ДРО подверглась атакам со всех сторон — со стороны коммунистов, голлистов, ее не поддержали даже умеренные партии, находившиеся у власти. Мерло-Понти, как я точно помню, однажды всерьез задал вопрос о том, не смогут ли завтра эту группку рассматривать в качестве источника крупного движения, сравнимого с большевистским, ведь большевиков первоначально тоже окрестили группкой. В период между 1948 и 1955 годами я написал несколько более или менее удачных статей, одни из них имели полемический характер, другие — аналитический, большая часть этих работ вошла в сборник «Полемики». Одна из статей — «История и политика» («Histoire et politique»), — первоначально появившаяся в журнале «Ревю де Метафизик э де Мораль», лучше других устояла перед натиском времени и исчерпанностью дискуссий между интеллектуалами.

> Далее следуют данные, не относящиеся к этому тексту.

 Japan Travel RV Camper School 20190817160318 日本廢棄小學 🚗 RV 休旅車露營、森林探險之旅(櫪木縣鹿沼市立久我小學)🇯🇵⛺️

В отличие от предыдущего сборника, «Опиум интеллектуалов» сохраняет для меня значение. Я работал над ним с 1952 по 1954 год, медленно, не без напряжения, может быть, став жертвой журналистской легкости, но главным образом из-за моих личных несчастий я искал в период между 1951 и 1955 годами убежище в неустанной и разнообразной деятельности, забвение — в ученых развлечениях, если только это словосочетание не содержит в себе самом противоречия. У меня возникло ощущение, быть может иллюзорное, что «Опиум» принес мне выздоровление, спас меня. Нападки, которым подверглась эта книга, оставили меня почти равнодушным. Я вышел из ночи и надеялся, что, может быть, мне удастся примириться с жизнью.

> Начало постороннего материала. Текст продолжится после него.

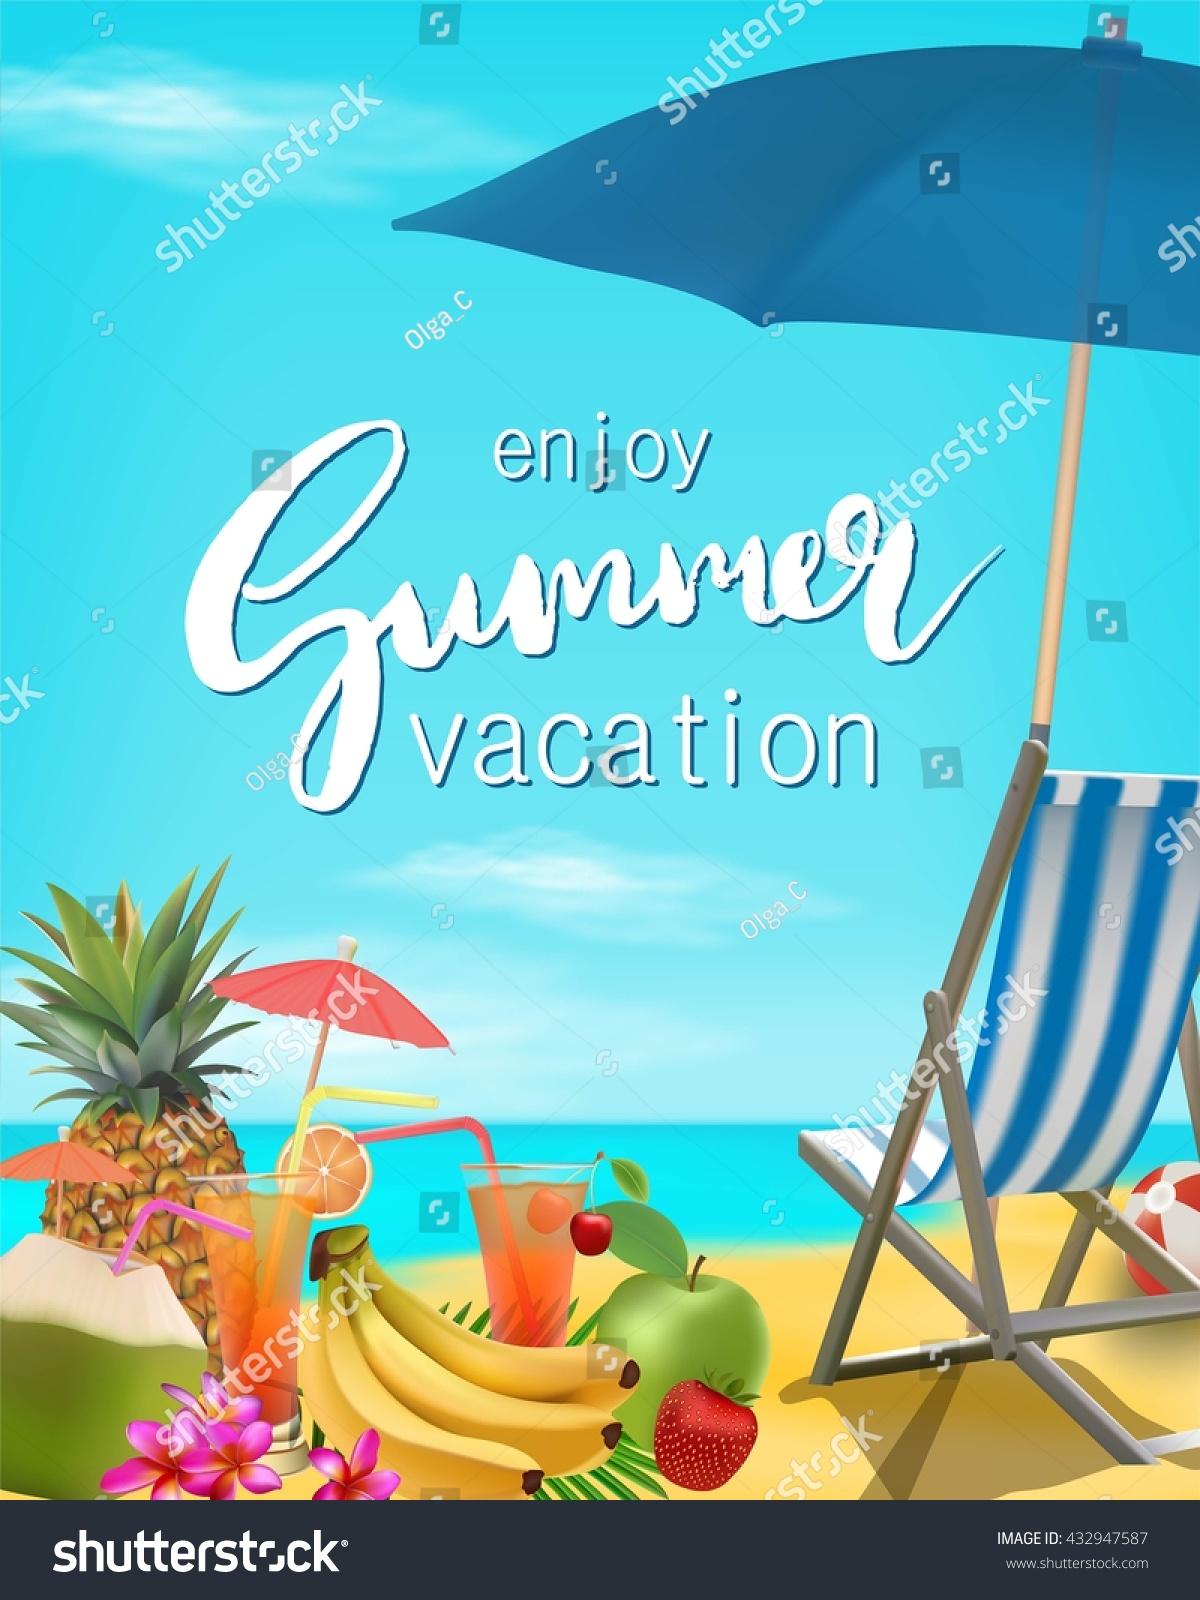 Enjoy the Summer with the Umbrella Caribbean

Книга состояла из трех частей, в первой из них рассматривались «три мифа»: мифы о «левых силах», о «революции», о «пролетариате». Эта часть была нацелена в самую сердцевину излюбленных тем многочисленных интеллектуалов, причем не только прогрессистов и полумарксистов, которых я преимущественно имел в виду. Я не отрицал того, что в Национальном собрании можно различить каких-то левых и каких-то правых. Но что я отрицал, так это существование каких-то вечных левых сил, неизменных в различной исторической обстановке, вдохновляемых одними и теми же ценностями, объединяемых одними и теми же устремлениями. Миф о «единстве левых сил» компенсирует и скрывает во Франции непримиримые распри между якобинцами и жирондистами, либеральными буржуа и социалистами, между социалистами и коммунистами. Идеологически левые никогда не были однородными, они выступали то с антигосударственнических позиций, то с организаторских, то с уравнительных. Некоторые, возможно, хотят, чтобы эти силы одновременно были либеральными, организаторскими и эгалитаристскими, питая наивную надежду на то, что названные цели легко могут между собой сочетаться.

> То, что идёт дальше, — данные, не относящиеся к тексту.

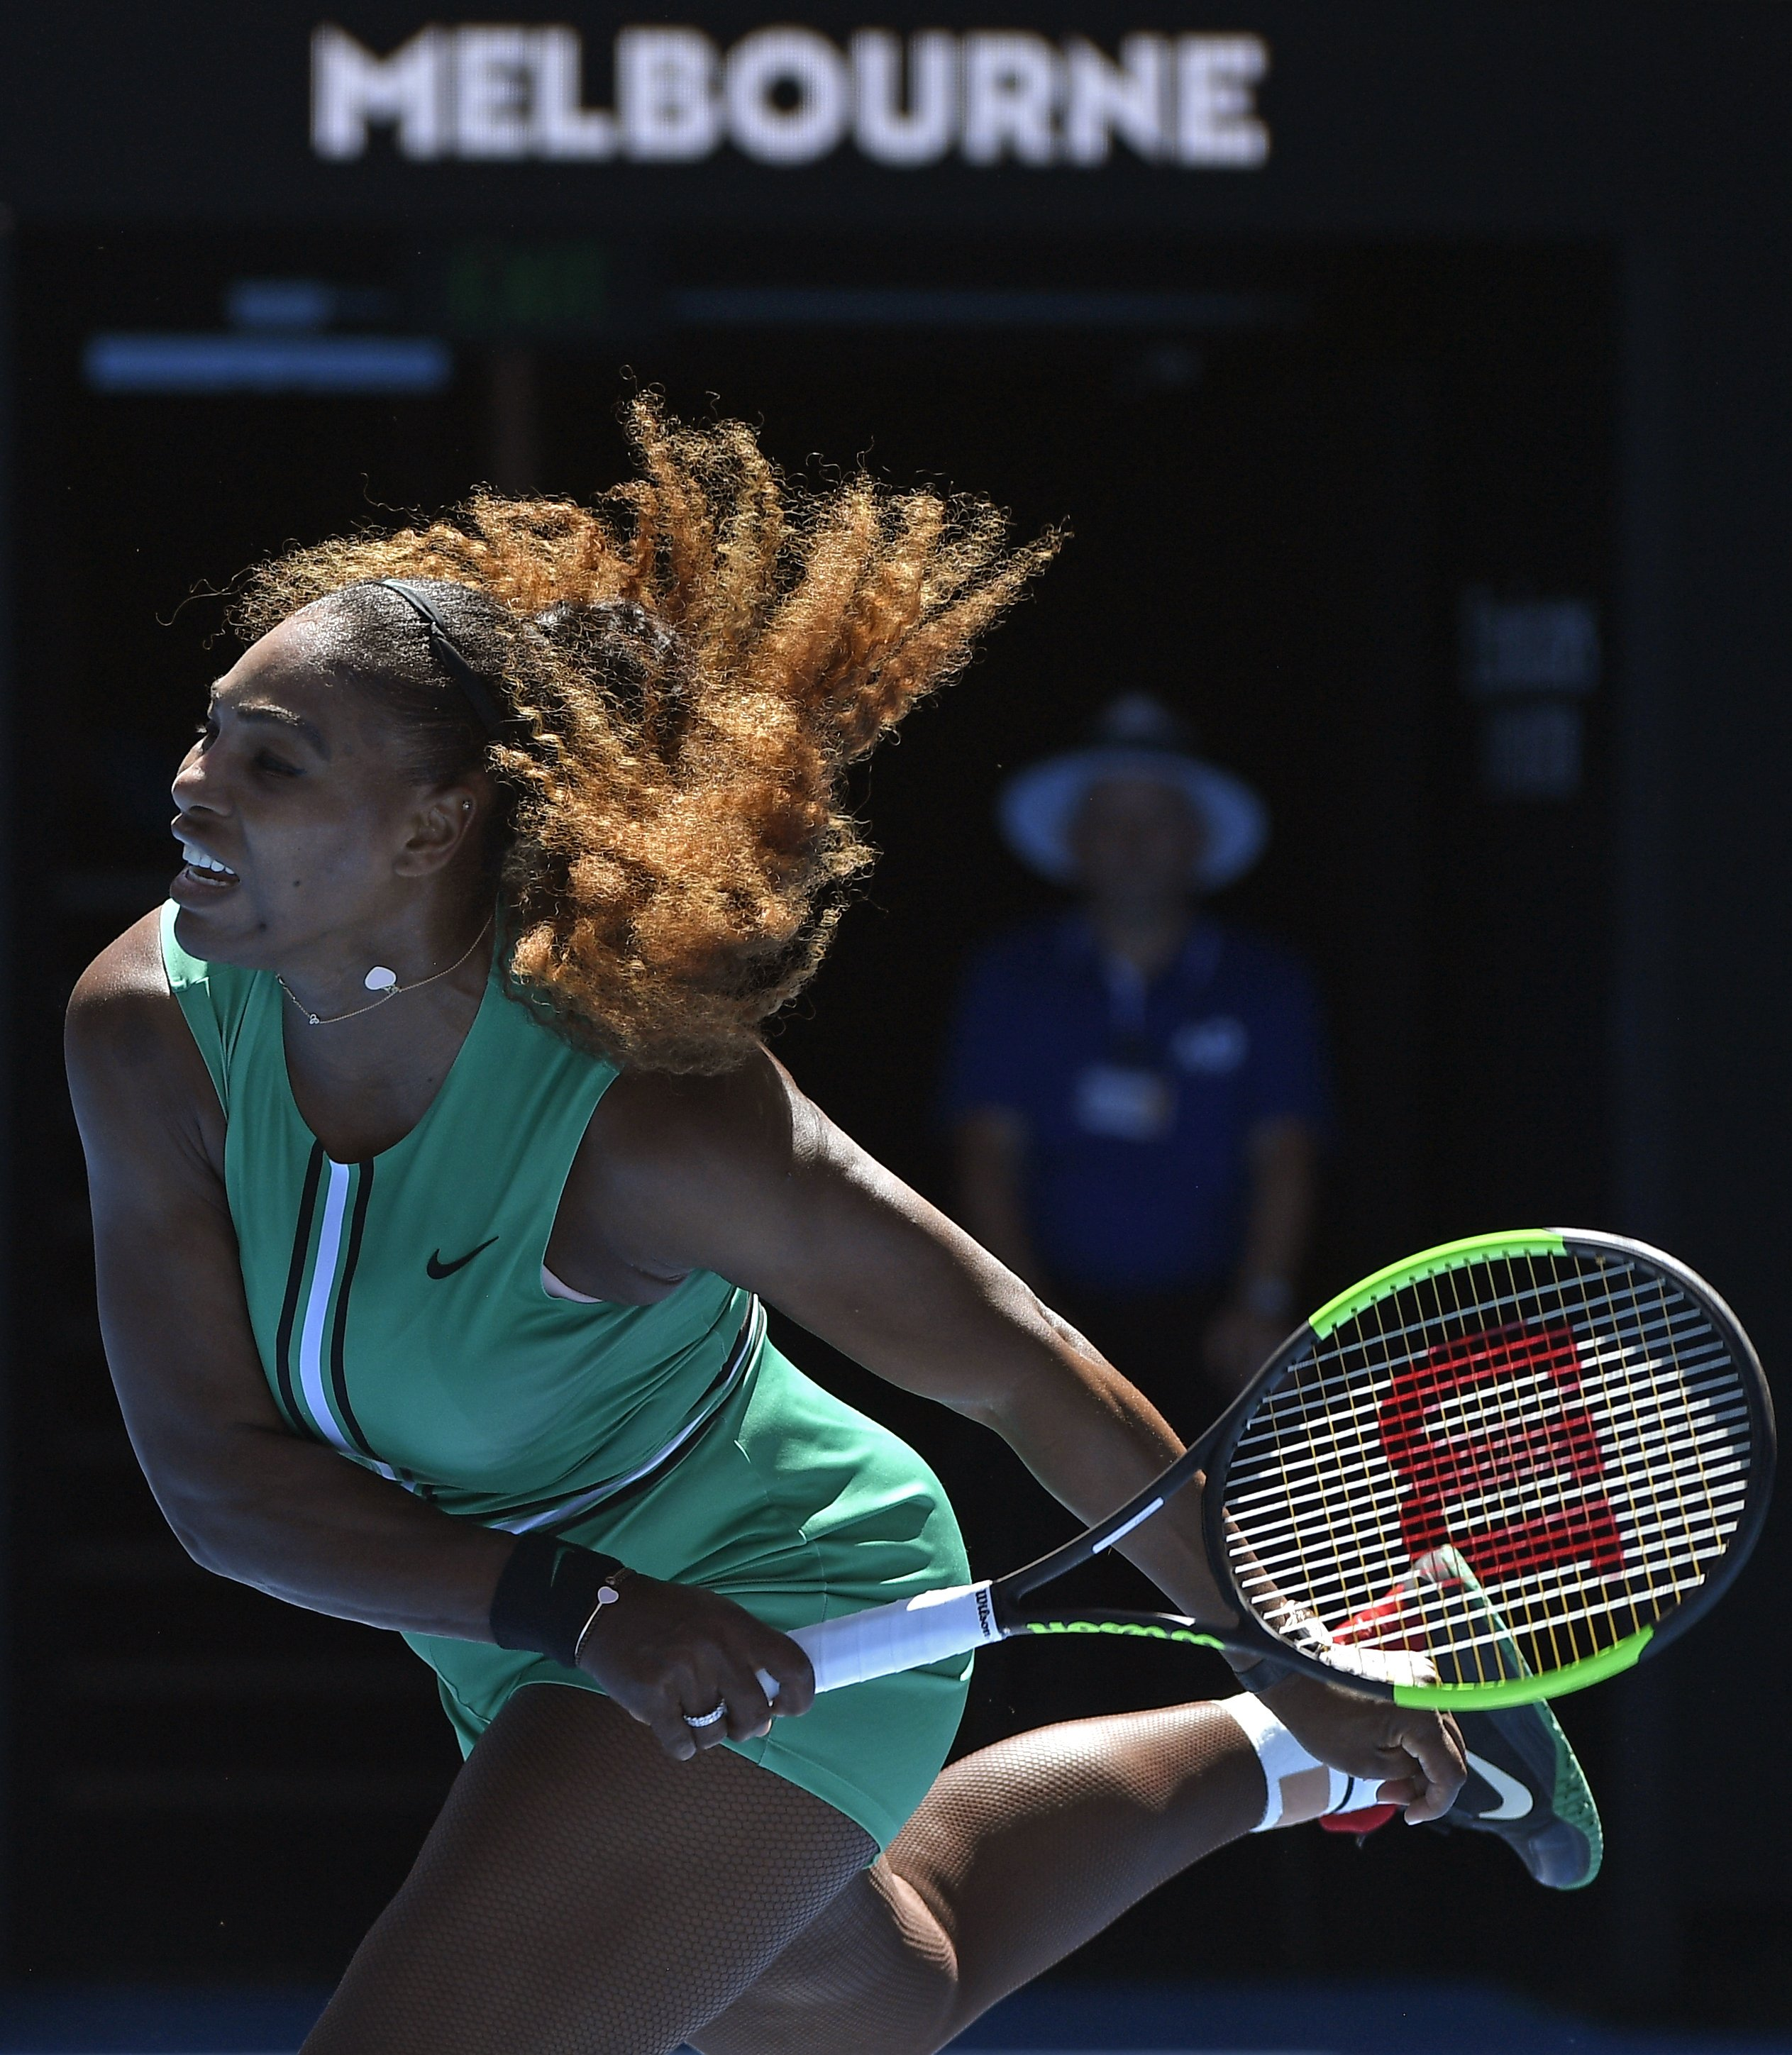 Serena vs No. 1 Halep at Australian Open feels like a final

Историк легко призн ает, что некоторые идеи, например национализм, перешли из одного лагеря в другой. Как можно сомневаться в существовании пессимистических левых, примером которых был Ален, призывающих граждан к сопротивлению всем властям, никогда не верящих в мудрость господ? Если этот либерализм подозрений принадлежит левым, то что у него общего с этатизмом планификаторов, горящих нетерпением подчинить сильных мира сего или богачей властному контролю, но не сознающих обязанности контролировать контролеров?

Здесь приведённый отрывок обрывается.